Publication year - 2014
Publication title -
diabetes, obesity and metabolism
Language(s) - English
Resource type - Journals
SCImago Journal Rank - 2.445
H-Index - 128
eISSN - 1463-1326
pISSN - 1462-8902
DOI - 10.1111/dom.12176
Subject(s) - alogliptin , sitagliptin , saxagliptin , medicine , pancreatitis , odds ratio , randomized controlled trial , vildagliptin , linagliptin , meta analysis , relative risk , dipeptidyl peptidase 4 inhibitor , placebo , confidence interval , diabetes mellitus , type 2 diabetes , endocrinology , insulin , pathology , metformin , alternative medicine
Aim Some observational studies reporting an increased risk of pancreatitis in association with Dipeptidyl Peptidase‐4 inhibitors ( DPP4i ) have raised concerns on the overall safety of this class. Aim of the present meta‐analysis is the systematic collection of information on pancreatitis in randomized clinical trials with DPP4i . Methods Data Sources: an extensive Medline, Embase and Cochrane Database search for ‘vildagliptin’, ‘sitagliptin’, ‘saxagliptin’, ‘alogliptin’, ‘linagliptin’ and ‘dutogliptin’ was performed up to 1 March 2013. Study Selection: studies were included if they satisfied the following criteria: (i) randomized trials, (ii) duration ≥12 weeks, (iii) on type 2 diabetes and (iv) comparison of DPP4i with placebo or active drugs. The identification and the selection of studies, and the subsequent data extraction were performed independently by two authors.

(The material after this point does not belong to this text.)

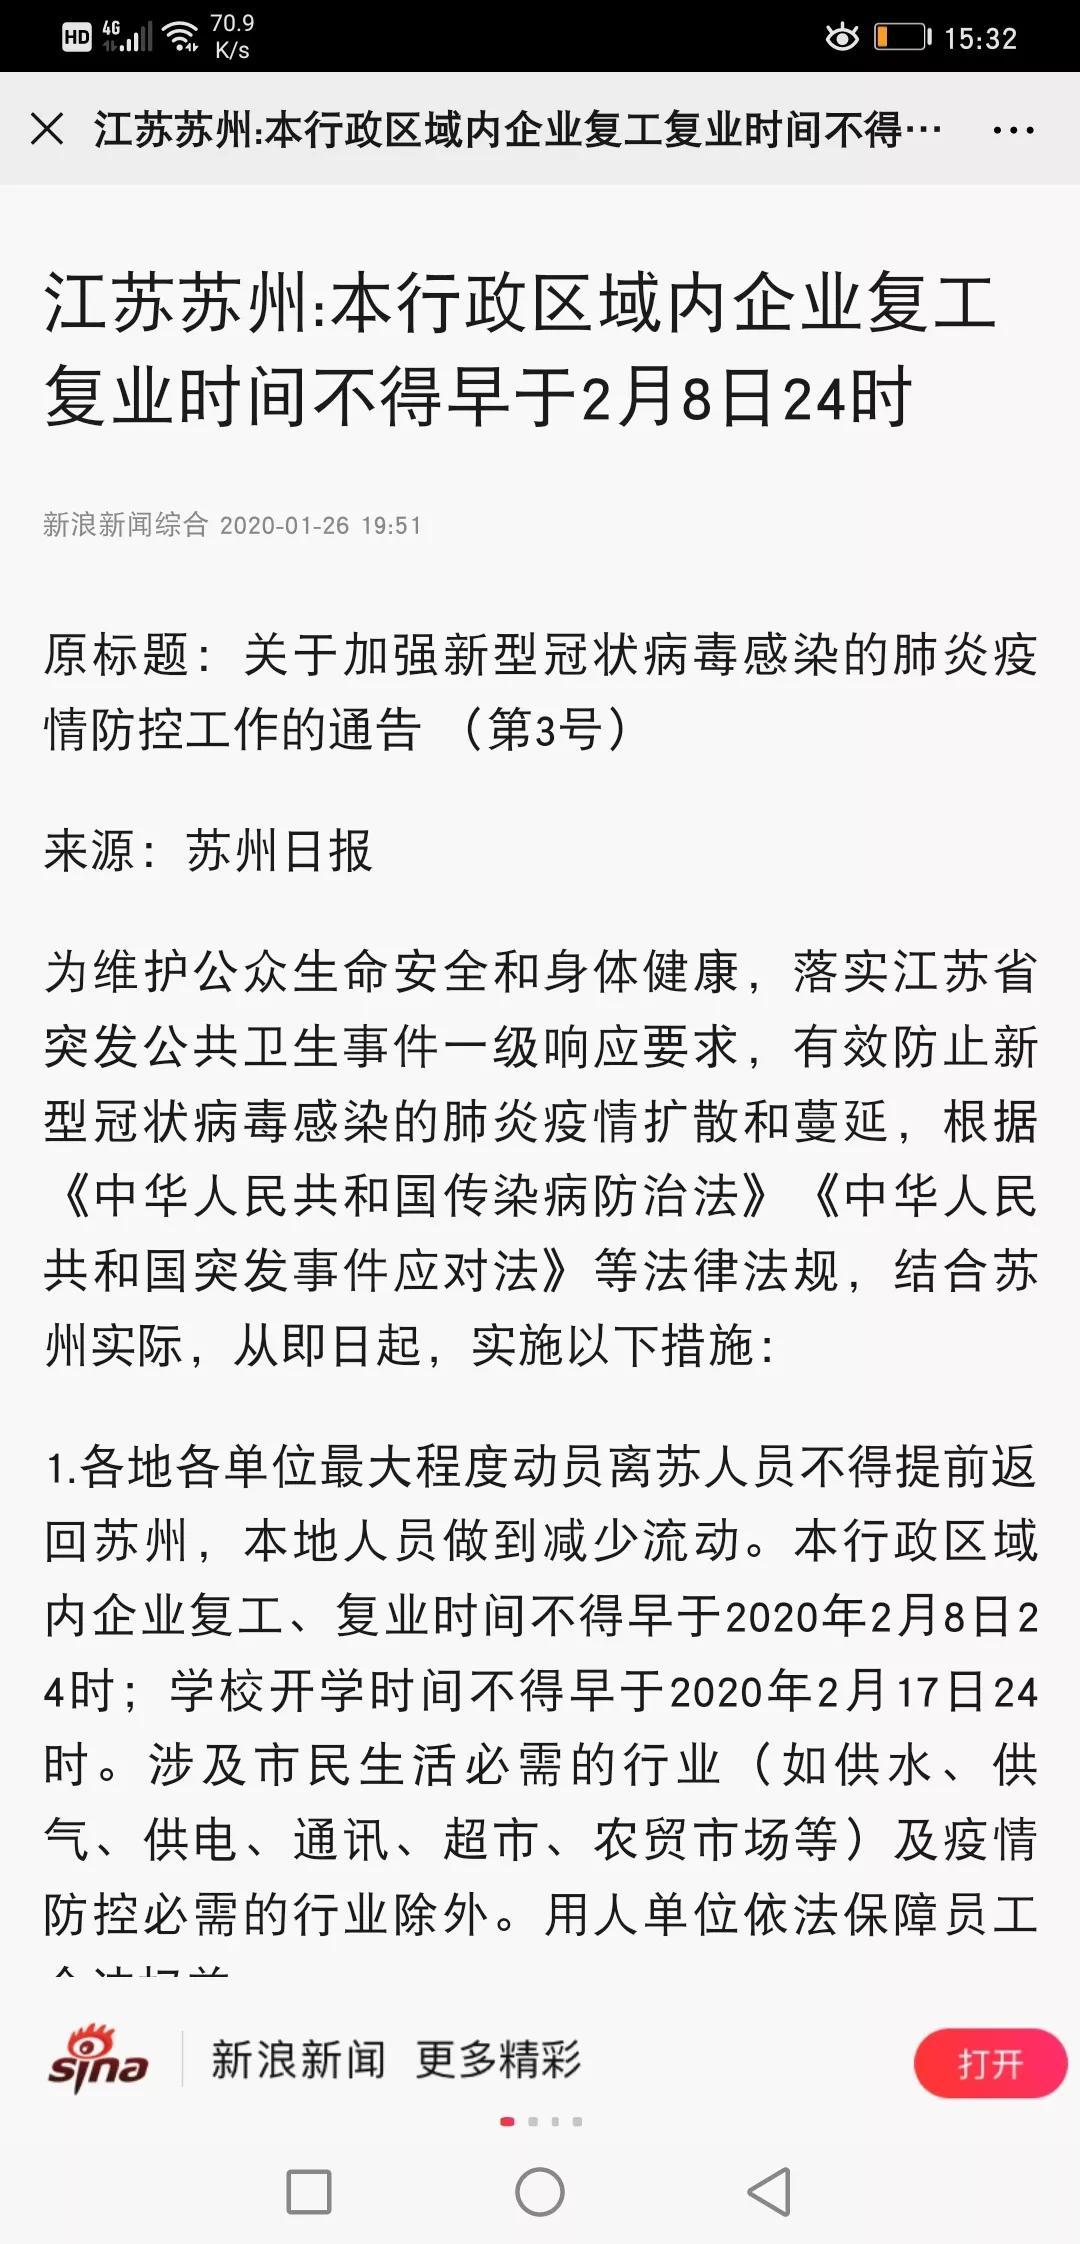 延长春节假期通知发布,多地跟进,没跟进的请稍安,这没什么好比的!

Mantel‐Haenszel odds ratio with 95% Confidence Interval ( MH‐OR ) was calculated for all the adverse events defined below. The principal outcome was the effect of DPP4i on the incidence of pancreatitis. Results A total of 134 eligible trials were identified. The overall risk of pancreatitis and pancreatic cancer was not different between DPP4i and comparators ( MH‐OR : 0.93[0.51–1.69]; p = 0.82). Conclusions It should be recognized that the number of observed cases of incident pancreatitis is small and the confidence intervals of risk estimates are wide. However, the present meta‐analysis do not suggest any increase in the risk of pancreatitis with DPP4i .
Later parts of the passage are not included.